BILL RODDEY As your dog circles endlessly for the perfect poop plop place, is it assessing asphalt acceptability, sniffing out soil substance, weeding , looking for an even pooping field or other dogs' excretory decisions, listening to hear God tell it where to go like a canine Glen Beck, practicing Feng shui or is it all just the... random fickleness of life, as in "Shit happens."?
What the world needs now is a time release martini.

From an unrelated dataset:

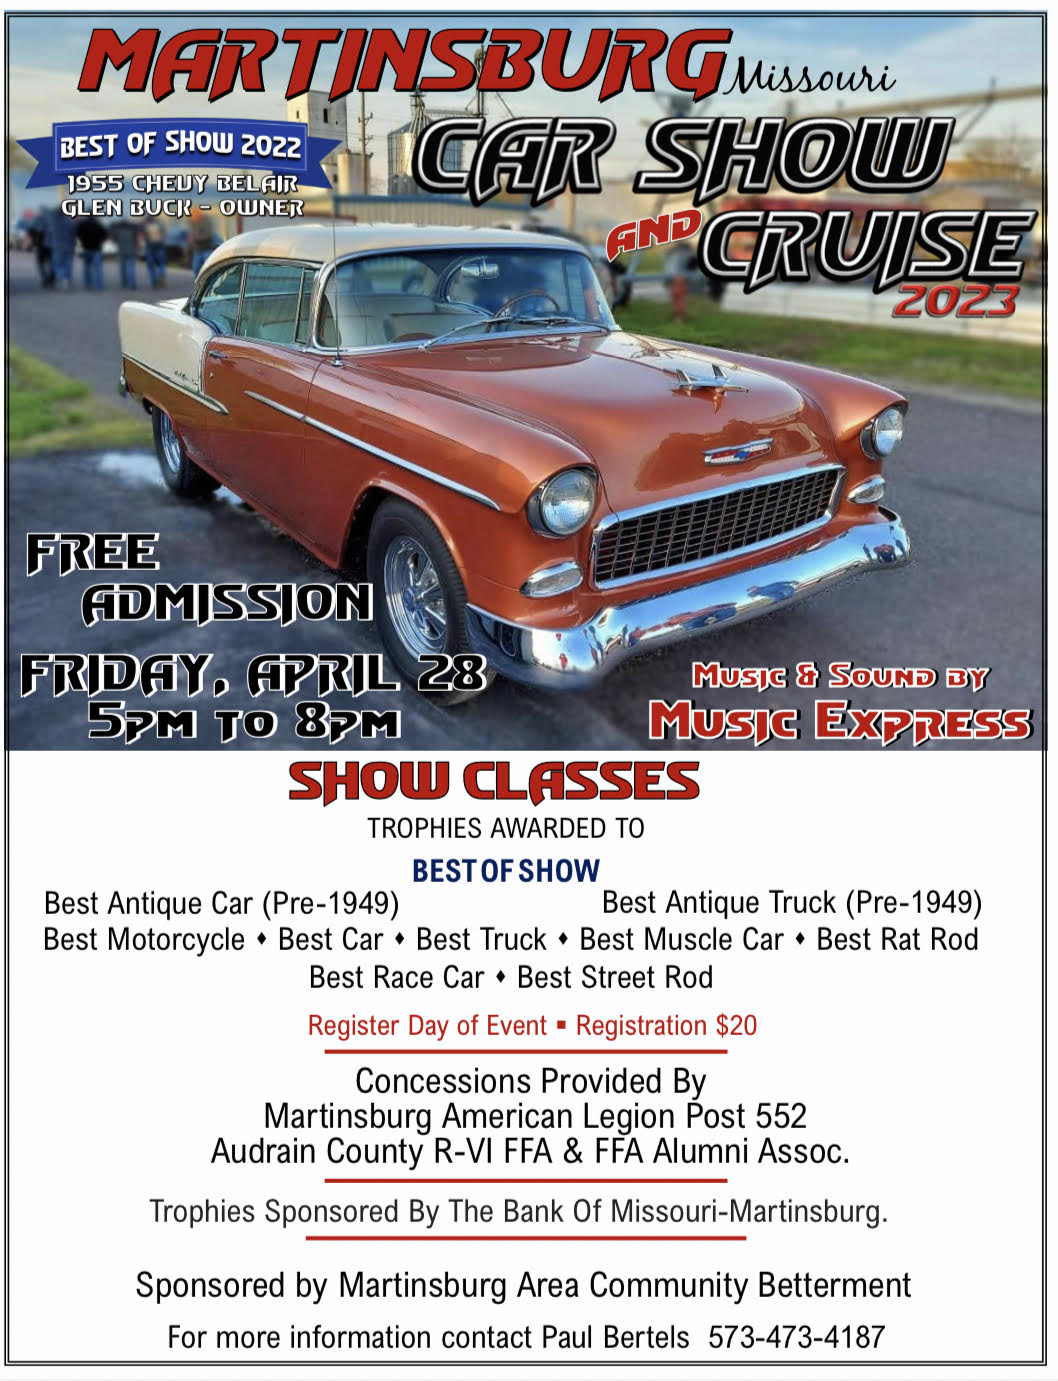 <h1 class="tribe-events-single-event-title">Martinsburg Car Show and Cruise 2023</h1>

Have you ever petted a tarantula to death? Have you ever seen a beautiful sunrise that made you vomit? Have you ever had to go to a Mob loanshark from the Mafia Wars to buy fertilizer for FarmVille? Have you ever lost your virginity to a turtle...twice? Have you ever saved someone from drowning, then thrown him back... because you didn't like him all that much? Have you ever burped up toe jam? ...Yeah, me too.

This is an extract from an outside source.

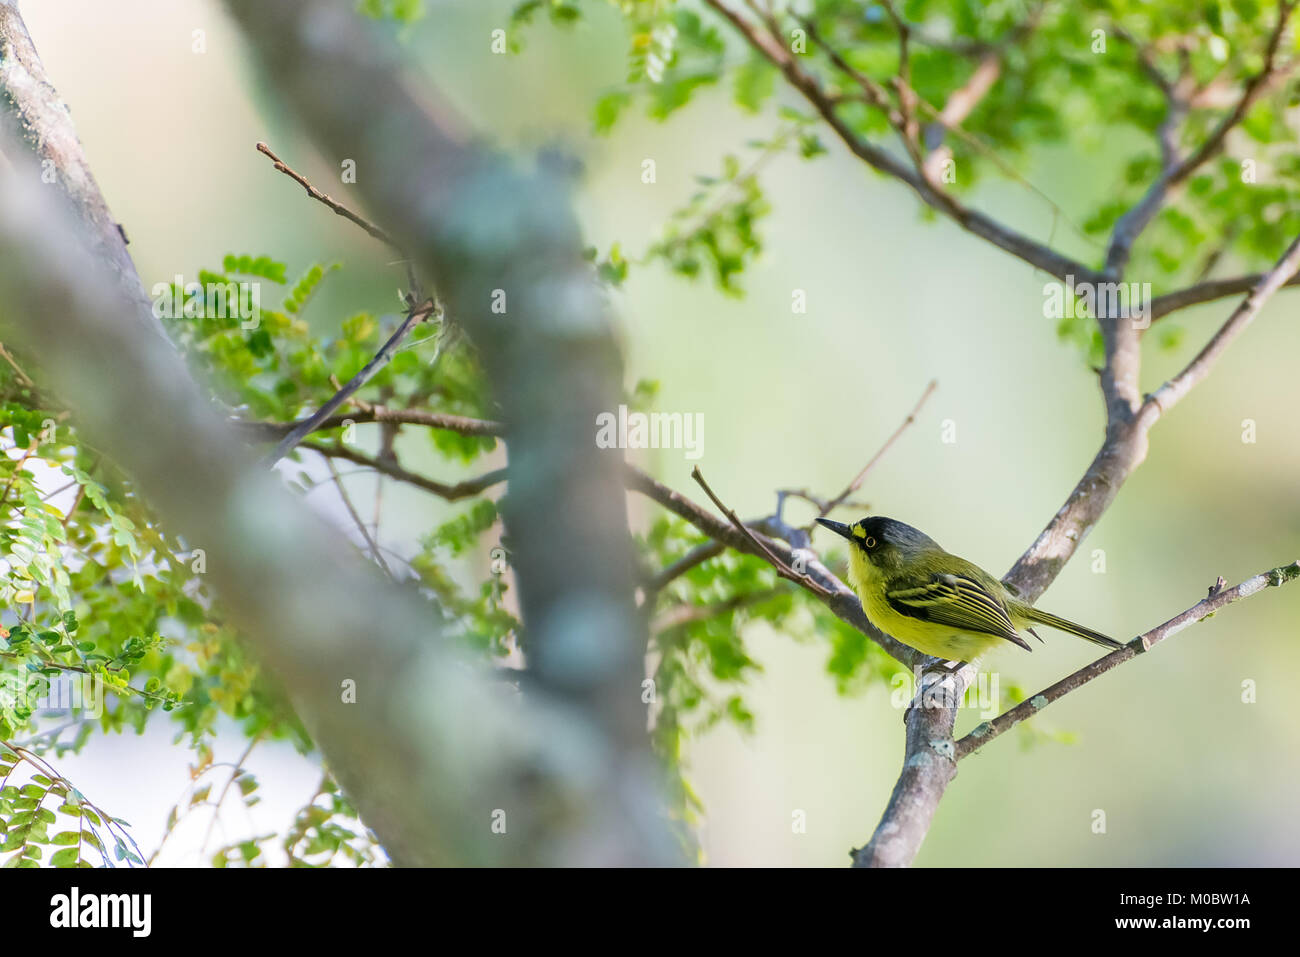 Close up of yellow-lored tody-flycatcher passerine bird perched in nature Stock Photo

All roads may lead to Rome, but all vapor trails lead to Paris...Hilton, that is.
Who is your father? Who is your father?" worst dialogue of a sex scene ever.
It's tough being type cast as the bald, fat, incredibly handsome, but humble, old man.
Does the entire internet know? I keep getting SPAM e-mail titled "Stop feeling like a loser." Who told?
I’m a semi- vegetarian. I only eat animals that eat vegetables.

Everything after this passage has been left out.